As fuel consumption is a major operating cost in open-pit mining, identifying and quantifying controllable inefficiencies requires continuous monitoring under real production conditions. This study presents a comprehensive analysis of haul truck fuel consumption using an integrated onboard monitoring system installed on a Komatsu 785 truck at a copper mine. The system continuously measured fuel flow, payload, position and speed over 90 days and captured 1780 complete haul cycles over 150 shifts under varying operational, environmental and behavioural conditions.

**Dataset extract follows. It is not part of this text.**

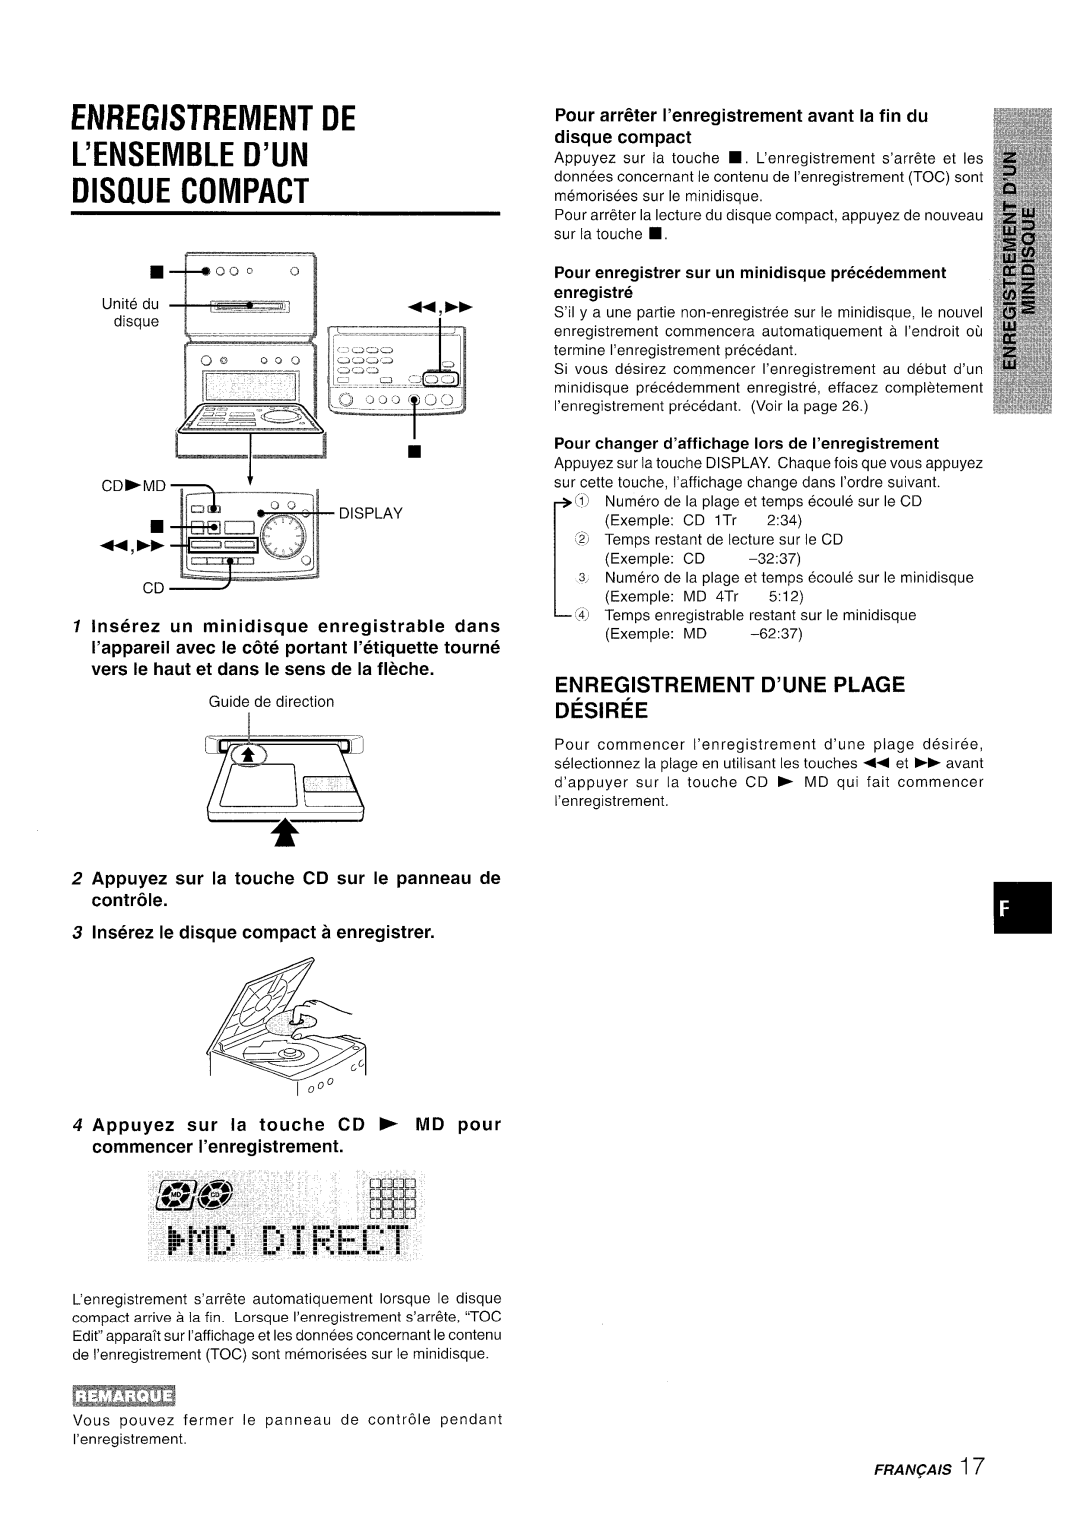 Aiwa XR-MD95 manual Enregistfiement De L’Ensemble D’Un Disque Compact, Enregistrement D’Une Plage Desiree 
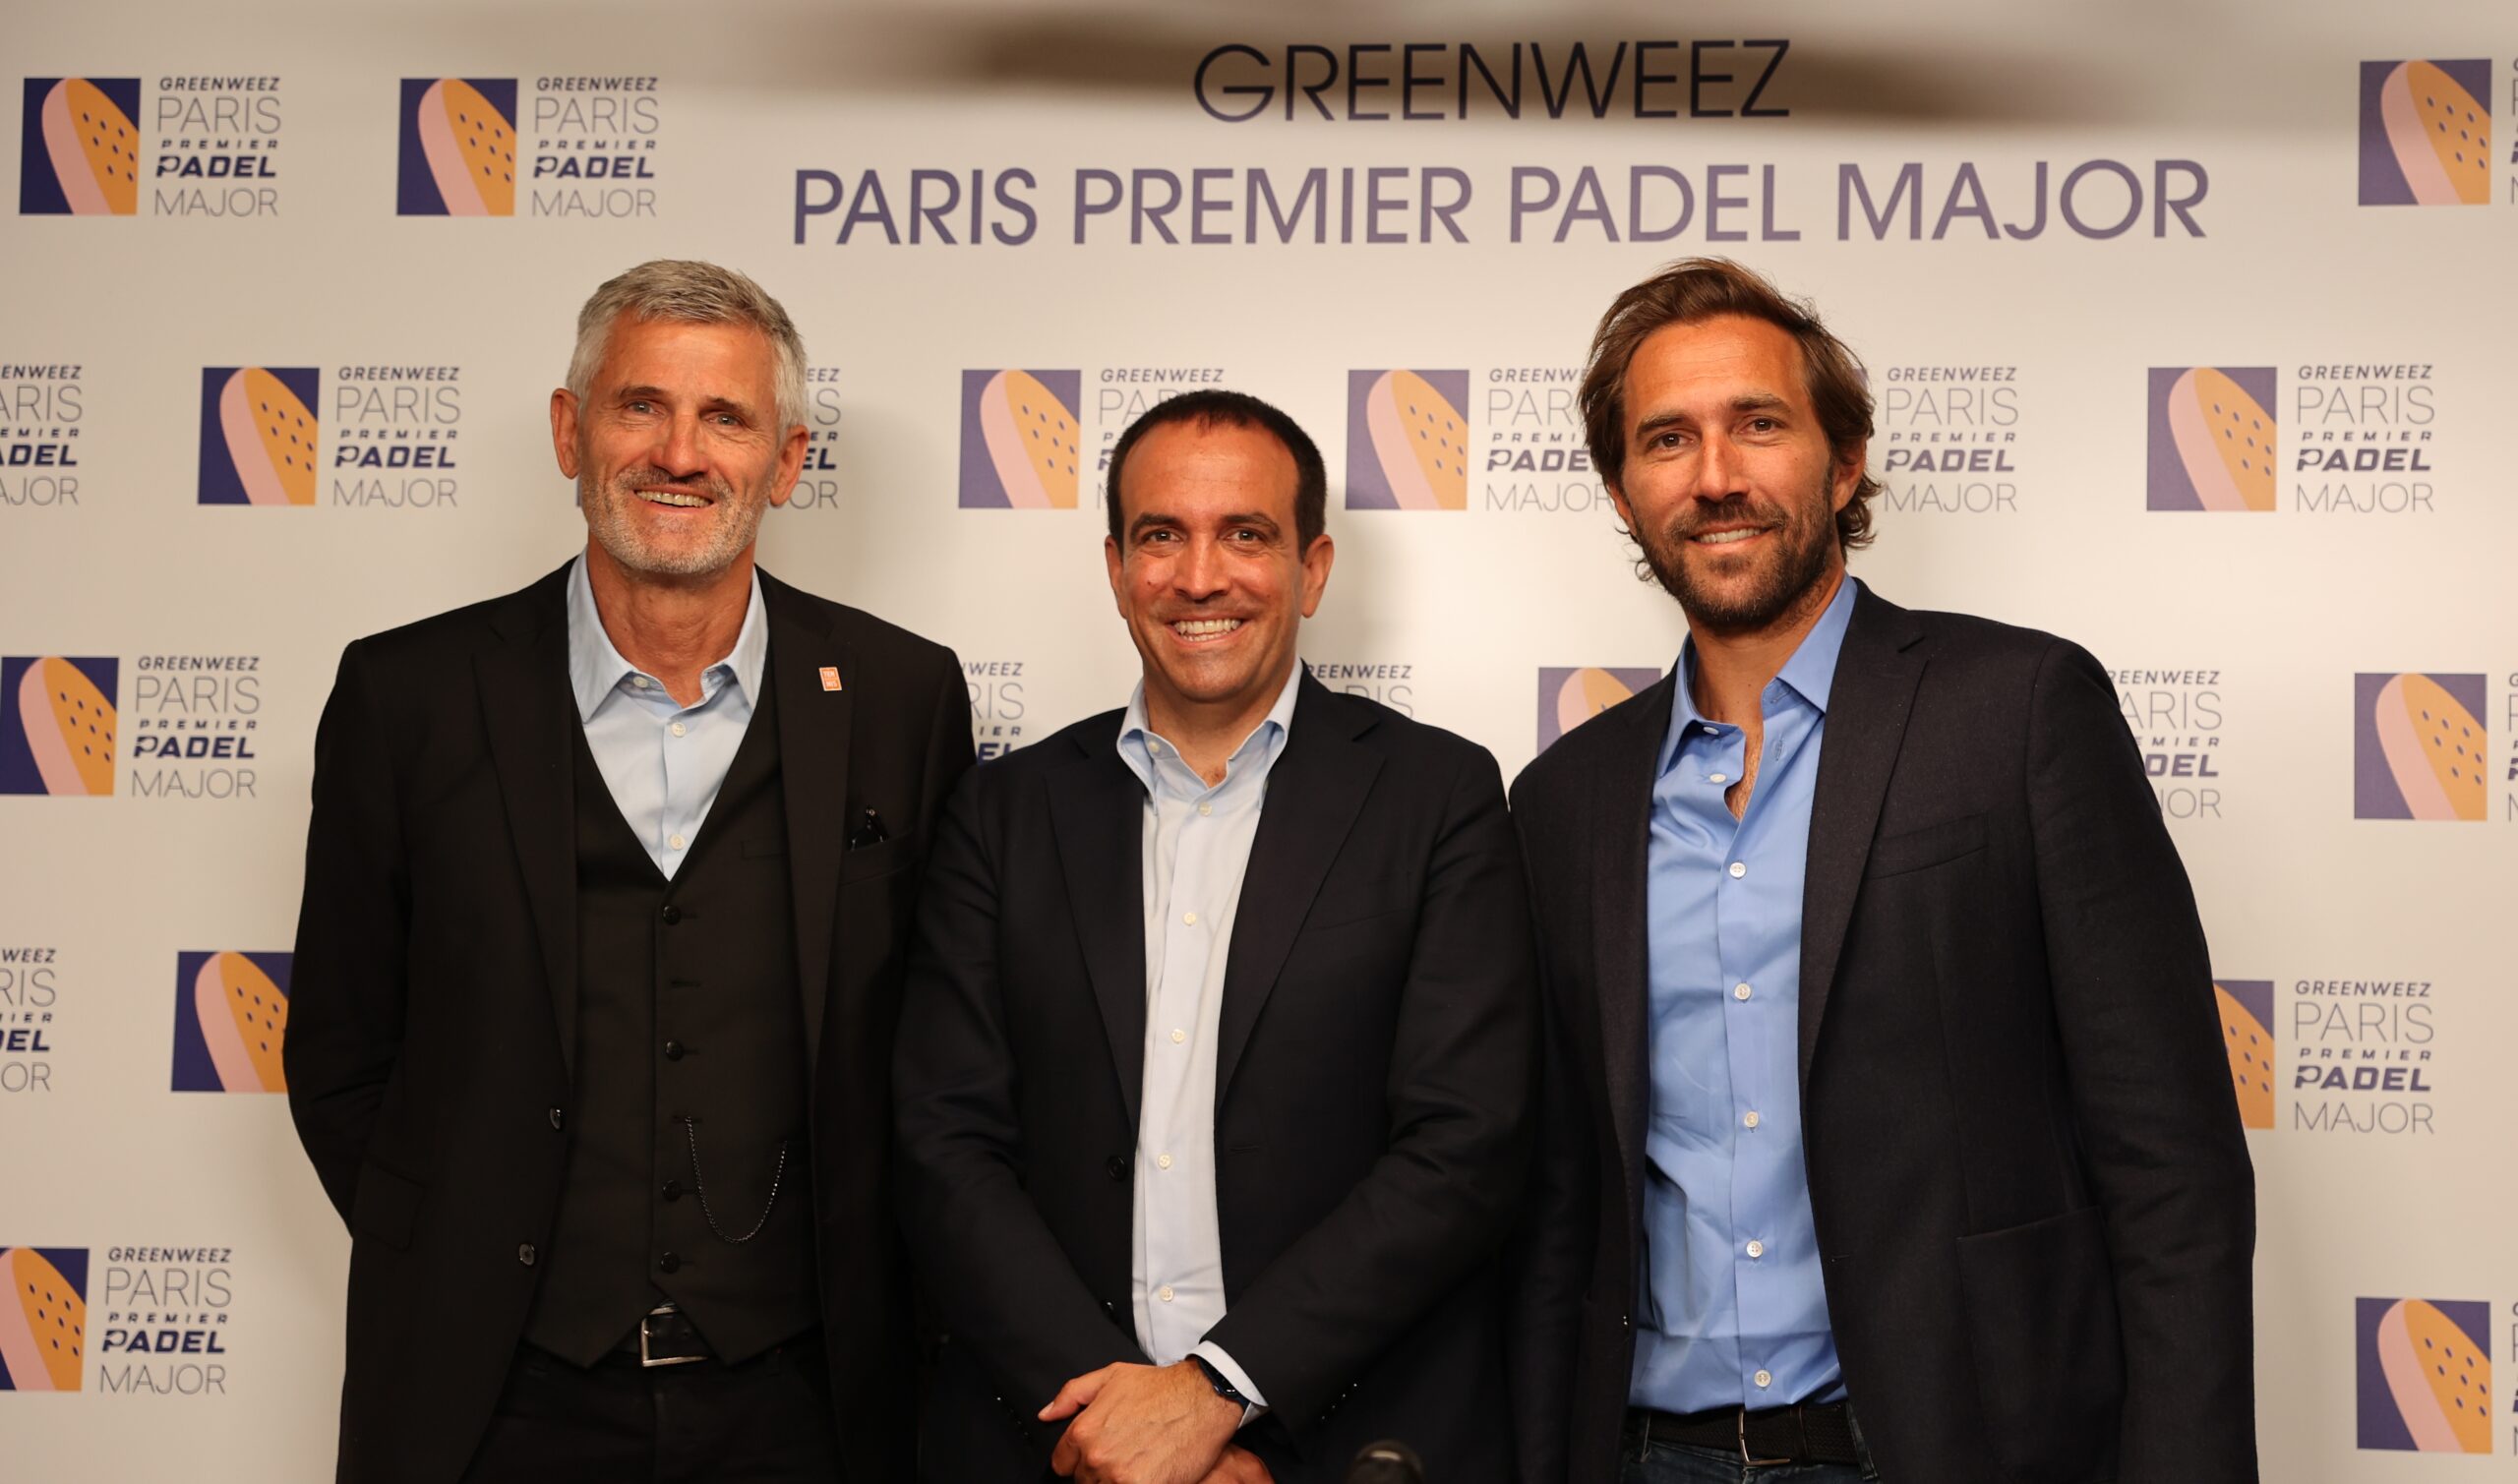 Roland-Garros-stadion on valmis ottamaan vastaan Greenweez Paris Premier Padel Major

Specific fuel consumption (SFC) analysis revealed that road gradient was the dominant factor, with uphill waste-haul routes consuming 75-80 gr/t.km compared to 65-70 gr/t.km on crusher routes. An optimal payload range of 92-97 tonnes minimised the SFC, while both under-loading and over-loading reduced fuel efficiency. Spatial mapping identified specific high-consumption road segments that required maintenance. Driver behaviour significantly affected fuel use, with aggressive driving increasing the SFC by approximately 7-10% (75-77 gr/t.km) compared to normal driver behaviour (70-72 gr/t.km). Rainfall events increased SFC by 2-3 gr/t.km above the baseline due to elevated rolling resistance. Operational delays, particularly loading queues (45% of total idle time), contributed substantially to unproductive fuel consumption. The findings demonstrated that fuel inefficiencies were largely controllable through targeted operational improvements, including payload optimisation, road maintenance, driver training and dispatch co-ordination. The spatial mapping methodology provided a practical diagnostic tool transferable to other mine sites for identifying energy-intensive haulage segments and prioritising fuel-reduction interventions.